As the club prepares for the start of Spring Training, keeping its ace healthy appears to rightfully be one of its top priorities. MLB.com's Joe Frisaro reported Tuesday the Marlins and Fernandez will be meeting to come up with a plan once squad workouts and spring contests get underway.

Fernandez, arguably one of the best young pitchers in the game at just 23, underwent Tommy John surgery in 2014. He missed a large part of the 2015 campaign as a result, but was able to toss 64 endings despite a shoulder injury that resulted in another stint on the disabled list.

Miami, Frisaro notes, has a desire to have a limit set before the season opener against the Tigers. When a number is agreed upon is not notably significant. But it will not just be the Marlins involved. Fernandez, too, will have a say, which also means his agent, Scott Boras, will likely be involved too.

Fernandez has never tossed more than 172 innings in his major league career, so the Marlins are handling the situation the proper way. There is no need to rush Fernandez back, have him throw 200 innings and then spend an extensive period of time on the disabled list in 2017.

Both the Nationals and Mets have been questioned with regard to rising stars returning from Tommy John surgery. Stephen Strasburg and Matt Harvey both bounced back, but the way each situation was handled was revealed and criticized throughout the industry.

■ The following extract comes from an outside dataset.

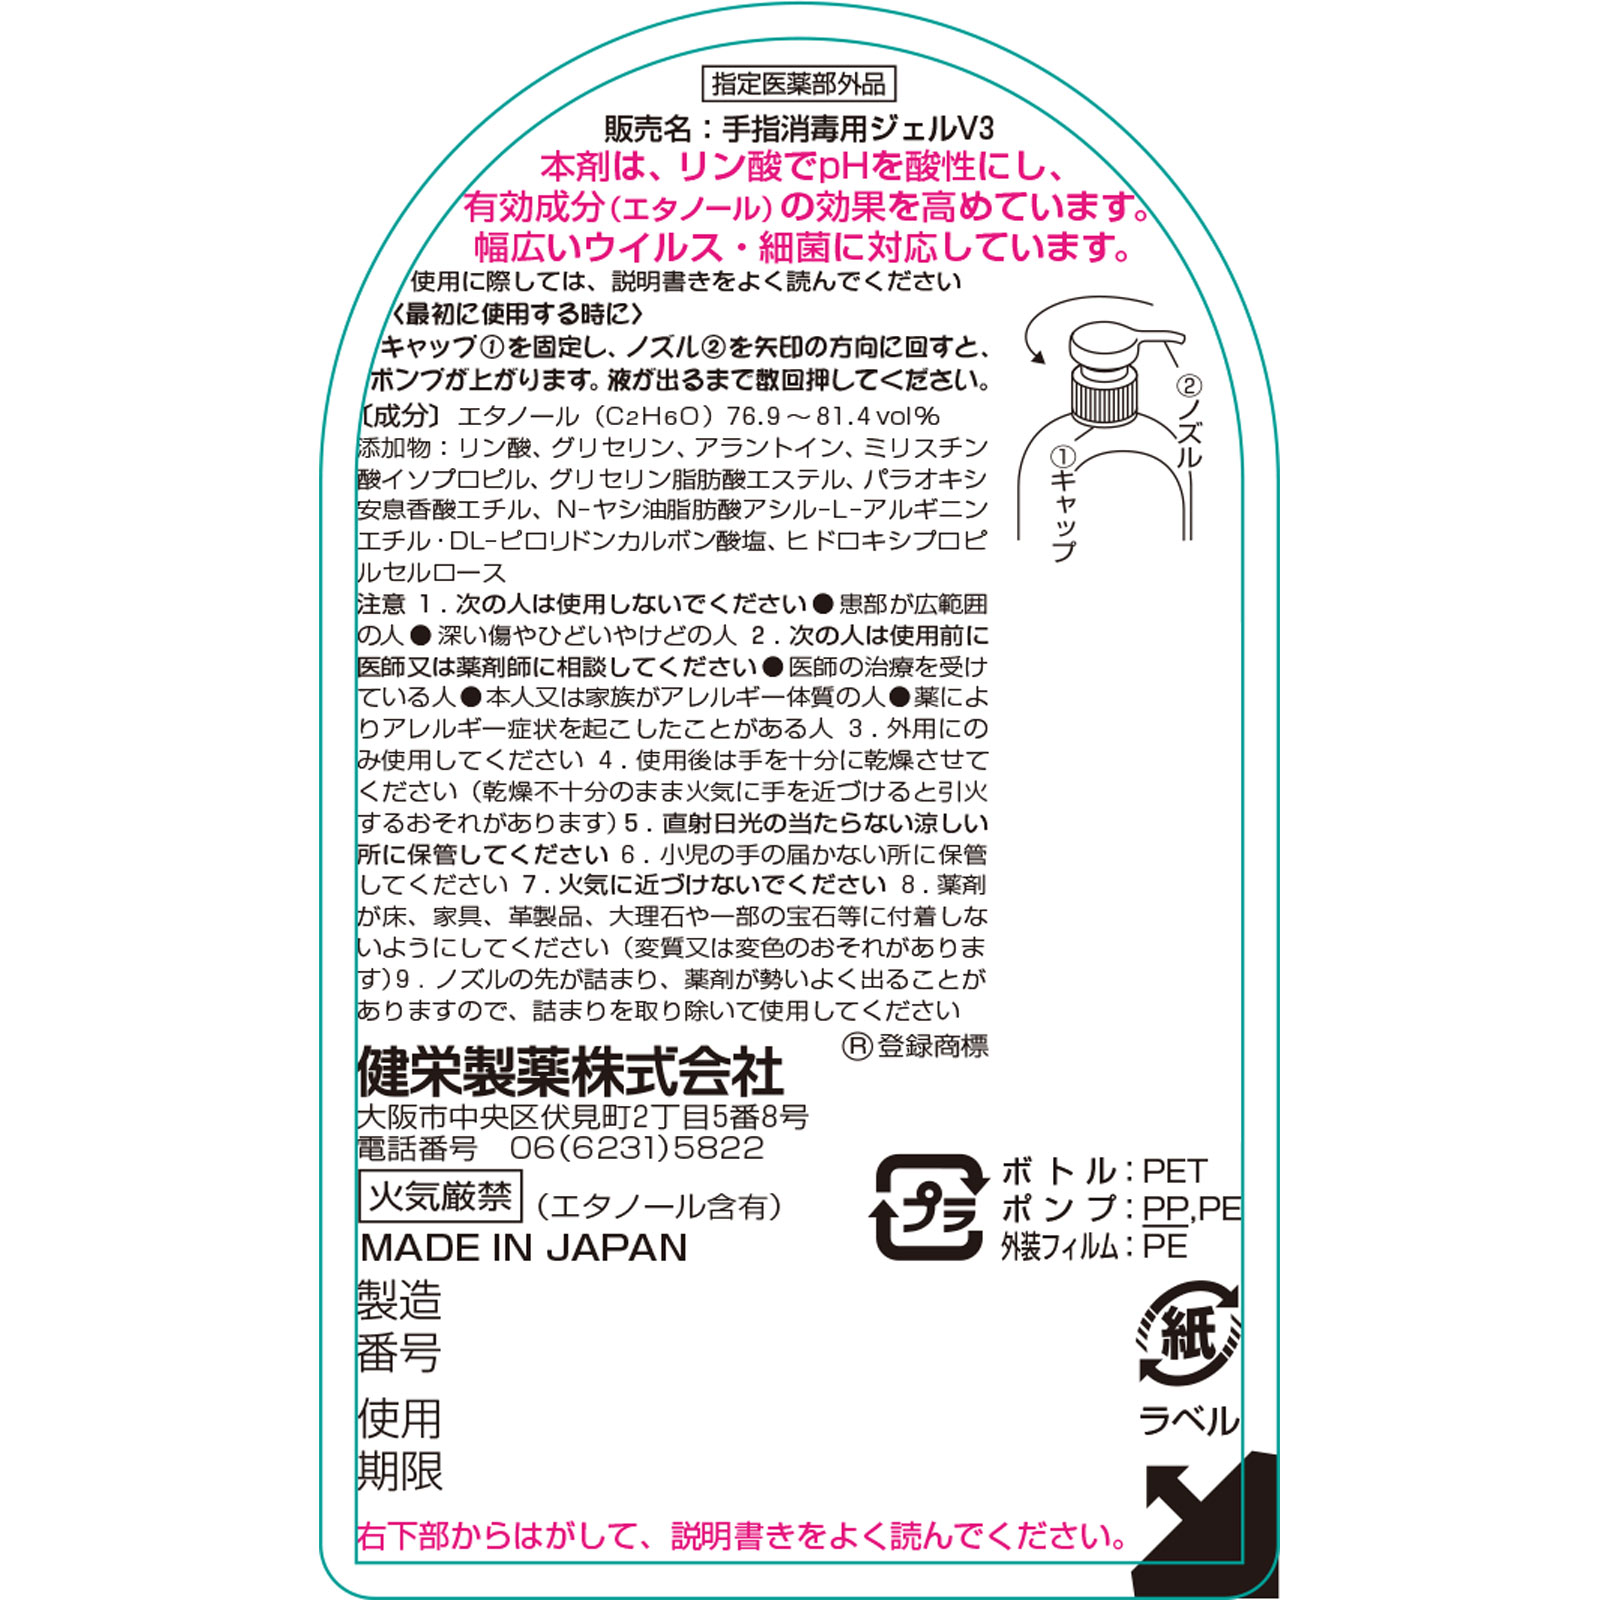 手ピカジェルプラス 300mL 【指定医薬部外品】: 医薬品・衛生用品 Tomod's ONLINE SHOP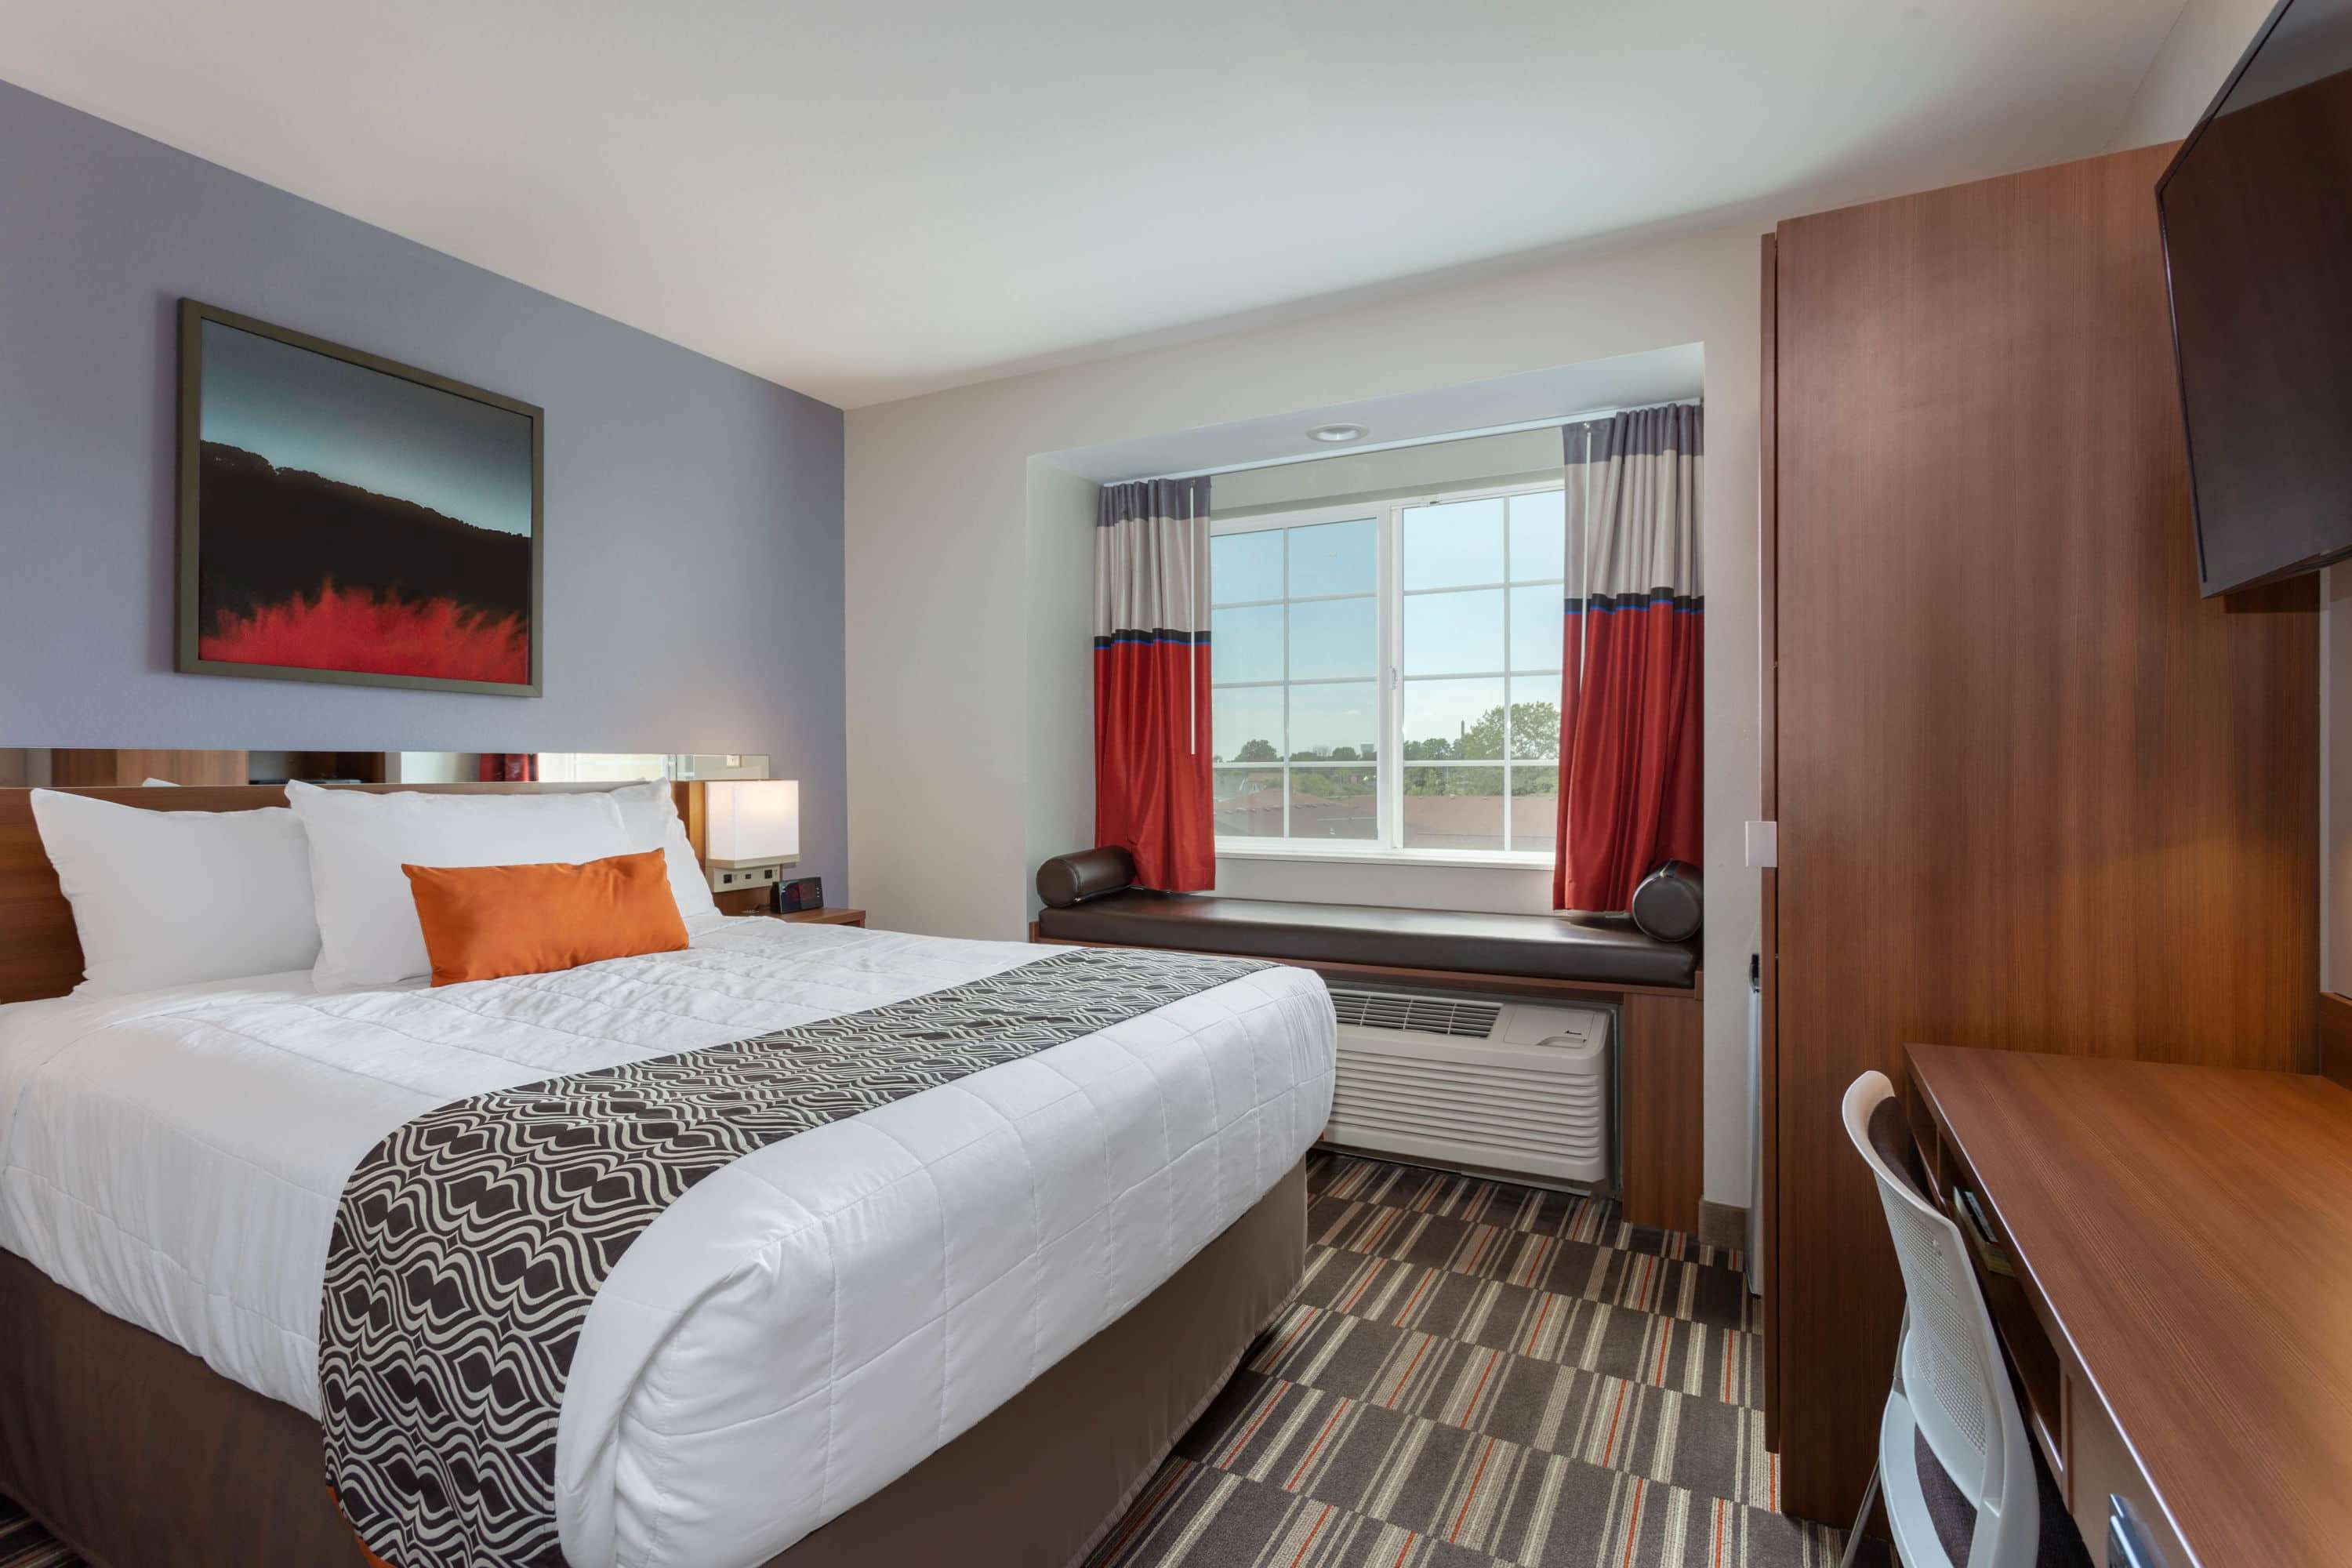 Microtel Inn & Suites by Wyndham Niagara Falls

It does not look like the Marlins will be able to sign Fernandez to an extension--they have reportedly already tried multiple times and have been unsuccessful--so they need to receive the most out of him for the next three seasons, assuming he is not traded.

Fernandez can either skip starts throughout the season or make exactly 30 during which he averages six innings per outing.

Miami has to be winning for Fernandez's innings limit to be relevant. If the Marlins are struggling come the summer, Fernandez will likely either be moved or prematurely shut down.

At this point, the limit matters. In a few months, it might not.